This was an incredibly complex analog circuit that took a long time to design,
but he had very detailed, specific ideas about how it should operate, and he
continued to refine the design until it did exactly — precisely — what he
wanted. Back in college, Barry Blesser had taught us to never fall in love with
one of our designs. Ray took that a step further — he was his own toughest
critic and he strove for designs that were nothing short of optimal, a notion
that is still part of the Dolby corporate culture. I worked on two SR-related
projects that involved interacting with Ray. One project involved writing the
automatic SR-alignment software. Not surprisingly, Ray insisted that each SR
module meet not only the published specs and the more-stringent in-house specs,
but that the alignment had to be flat-out optimal. It took months to get the
software to do that reliably, but the result was that every SR module shipped
was functionally identical to every other SR module, and generally stayed that
way. Some years later, I was asked to generate a DSP-implementation
of SR. Digital audio systems act fundamentally differently from analog circuits,
so emulating a complex quasilinear, time-varying analog circuit like SR was a
nontrivial undertaking. Ray warned me that SR was "like a Chinese puzzle", and
wished me luck. He got that right. In only a few weeks I had something that
worked vaguely like SR, but it was the better part of a year before the
emulation was accurate enough to consider using. What made it possible were many
conversations with Ray about the fine points and subtleties of the SR design,
things that Ray had never told anyone. It was a fascinating exploration of not
only the circuit but the imagination, inventiveness and integrity of its
designer. The last time I saw Ray Dolby was a few months before his
death. At his request, his son David brought him down to the Labs so he could
see what was going on. He looked frail that day, but mentally he was on his
game, and it was heartening to see his face light up at the various demos that
were run for him. His passing marks the end of an era. It's doubtful we shall
see his like again. He will be missed. Ray Dolby talks about film soundtracks in a 3:37 AES oral history project interview.

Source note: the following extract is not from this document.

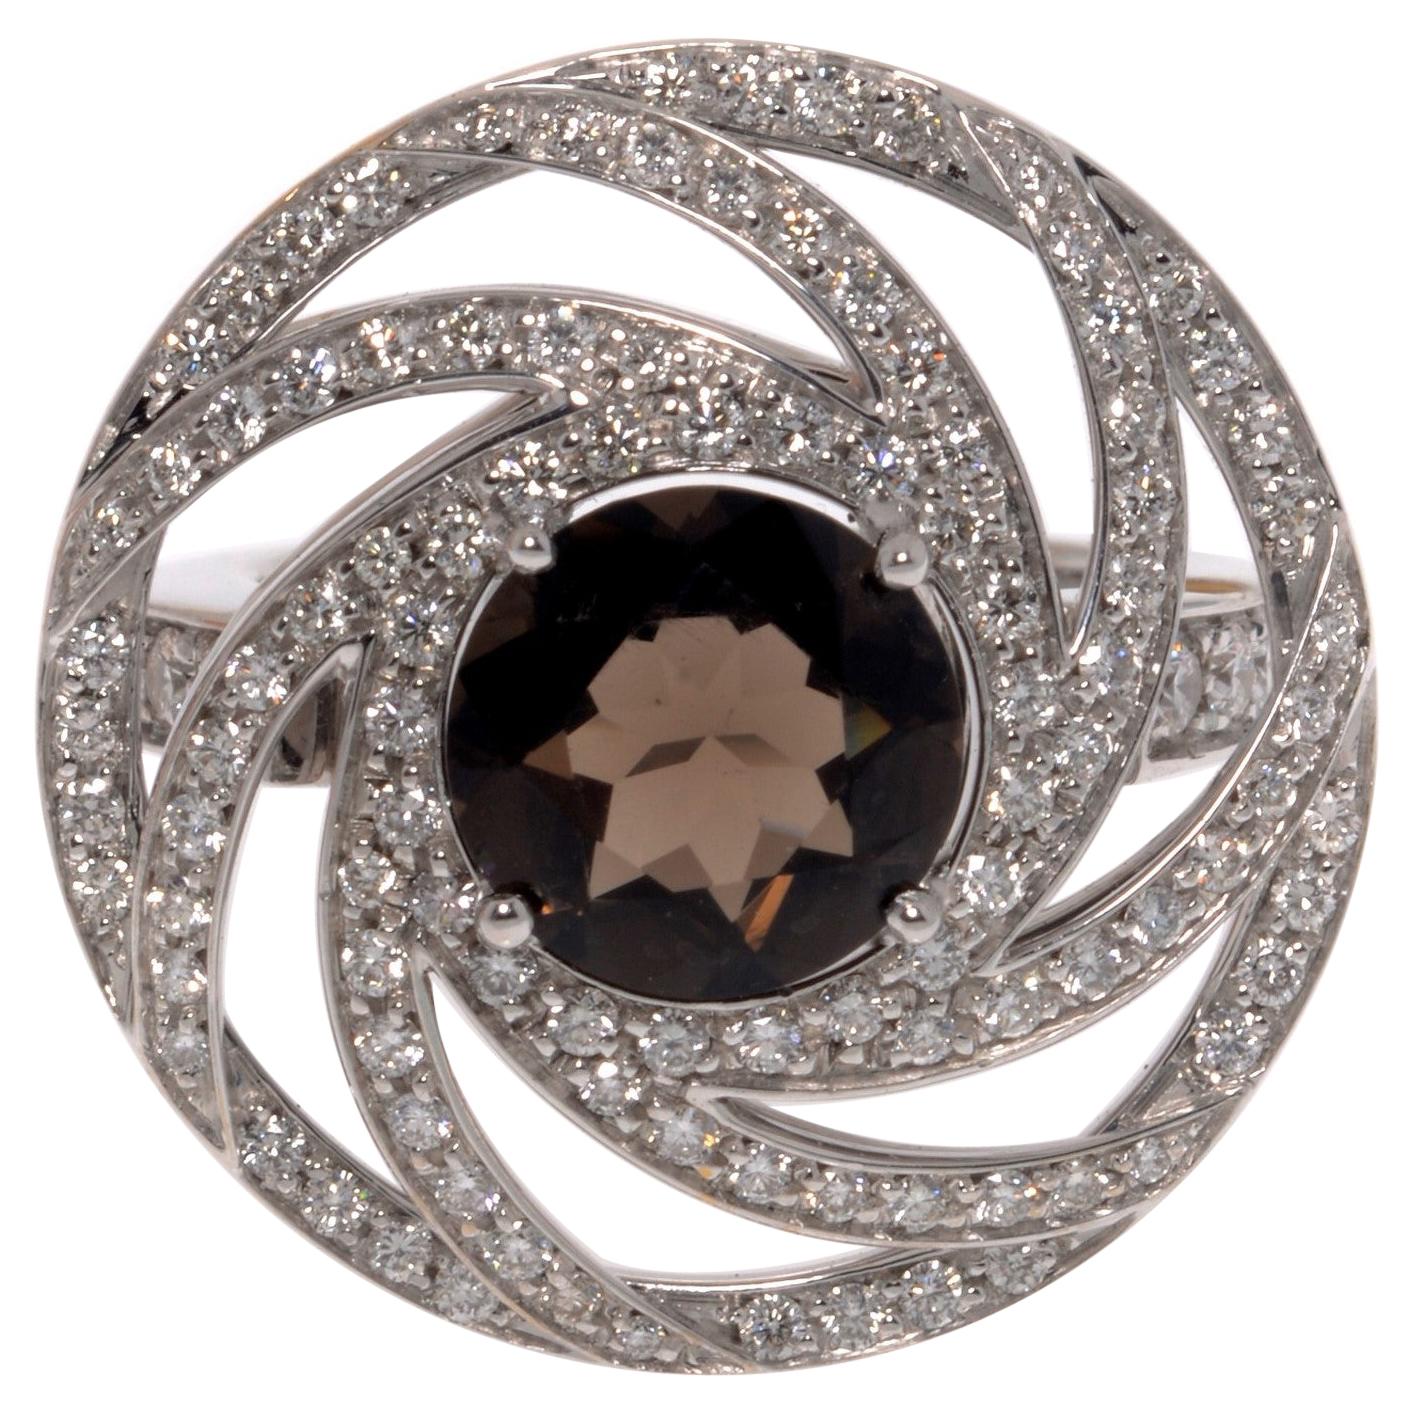 Luca Carati Smoky Quartz & Diamond Ring 18K White Gold 1.18 Cttw Size 7 For Sale

Other Ray Dolby obituaries and remembrances:
Some quotes from Ray Dolby: "I think I was both lucky and I was also straightforward
with people, and I think they liked that attitude." "There is no major next step. It's a matter of constantly
being aware of one's environment, of keeping track of what's happening in the
various industries that we're operating in and just sort of sensing what's
possible and what's not possible, what's needed, what's not needed — just
having all your antennae going, sensitized to all the signals that are out
there."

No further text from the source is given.